Supplier to Queen Marie Antoinette, he collaborated with the greatest decorators of his time: Hubert Robert for example for the armchairs of the Rambouillet dairy but also Delafosse or Prieur.
It supplies the palaces of Versailles, St Cloud, Les Tuileries, Fontainebleau ...
Its period of activity is from 1765-1796.
He then sold the business to his two sons who founded Jacob Frères.
He died in 1814.

Our opinion:

With their overturned backs, their strigil decorations inherited from antiquity and their saber feet made fashionable by the military campaigns then underway, our two shepherdesses represent the Directoire style in all its splendor.
The manufacturing quality of our seats reflects the maturity and decades of experience of a master like Georges Jacob: purity of design, amplitude of shapes, finesse of sculpture, adjustment to the millimeter of assemblies.
This pair of seats can be dated to the last years of its production around 1794-1796, at a time when Georges Jacob was put in financial difficulty by the emigration of part of his clientele who left without paying him, in particular the Count of 'Artois who owes him 85,000 pounds.

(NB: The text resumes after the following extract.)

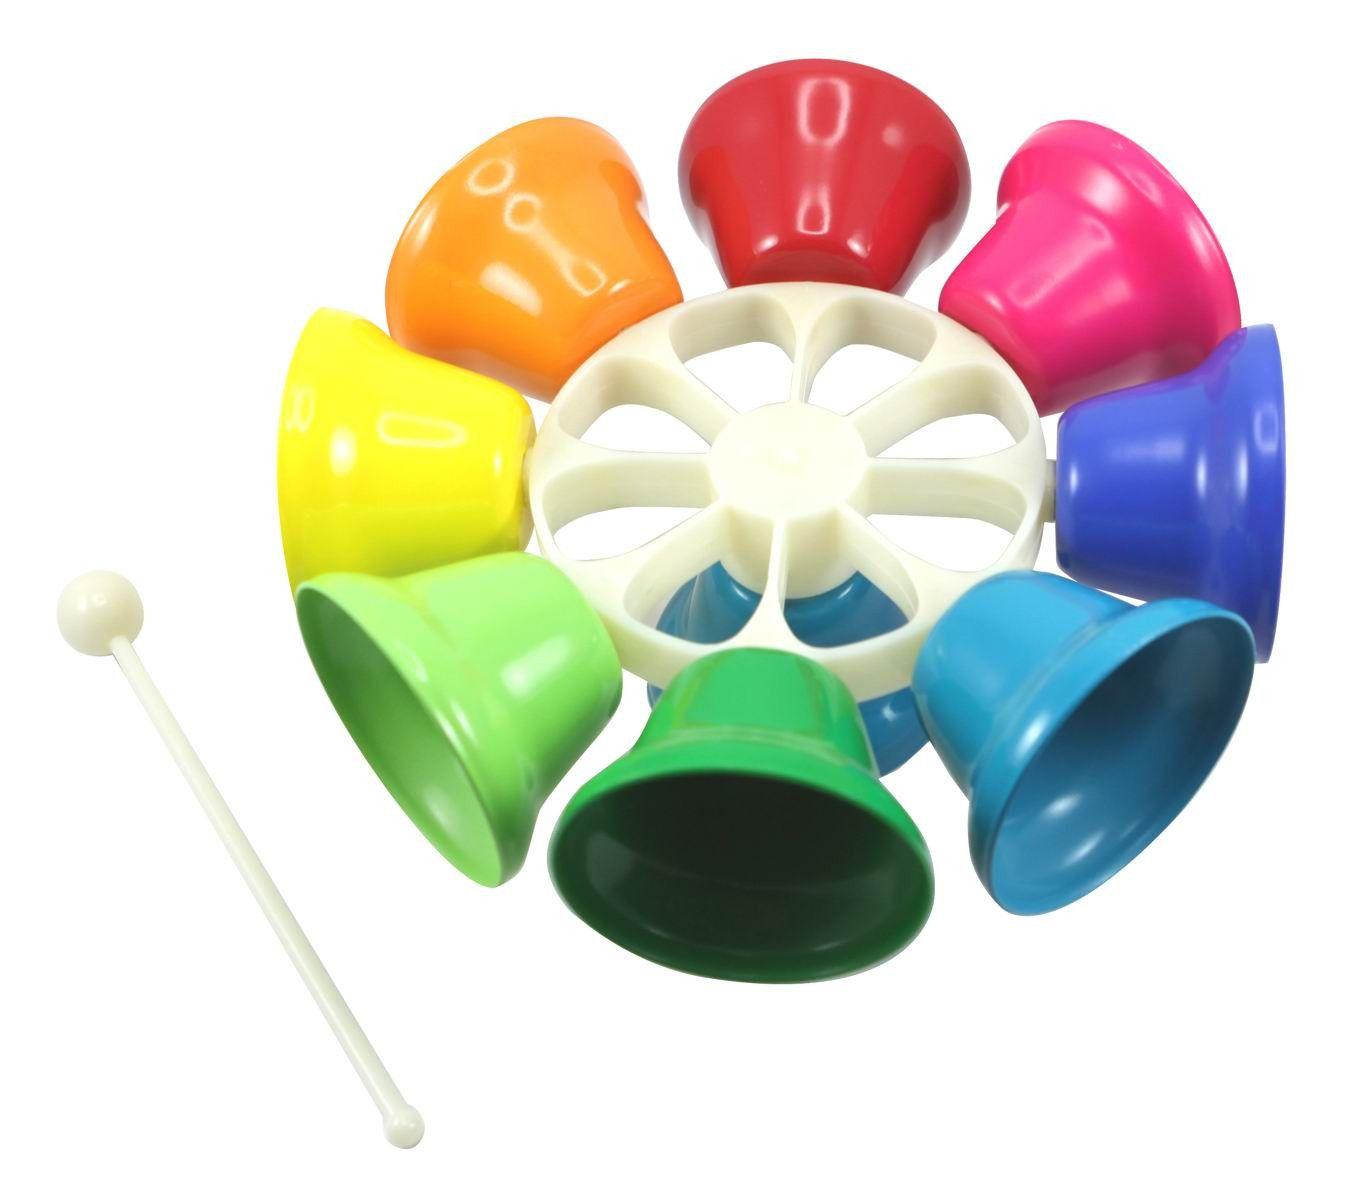 B toys carousel bells  Large Carousel Bells from Spectrum Educational Ltd  Music  Pinterest

Under the Terror, he appeared three times before the Revolutionary Tribunal, accused of having worked for Capet and the ci-devant nobles.
Despite the donation of 500 rifle butts and David's protection, he was imprisoned at the Conciergerie and was not released until after 9 Thermidor (July 27, 1794).
On his release he definitively dropped the purely Louis XVI productions to devote himself to more antique forms.
This innovation is reflected in the furniture he supplied to the painter David and the furniture he made, in collaboration with Percier and Fontaine, for the Salle de la Convention.
During this period, and in accordance with the collapse of the corporations, he hardly affixed his stamp any more, before retiring to the profits of his two sons.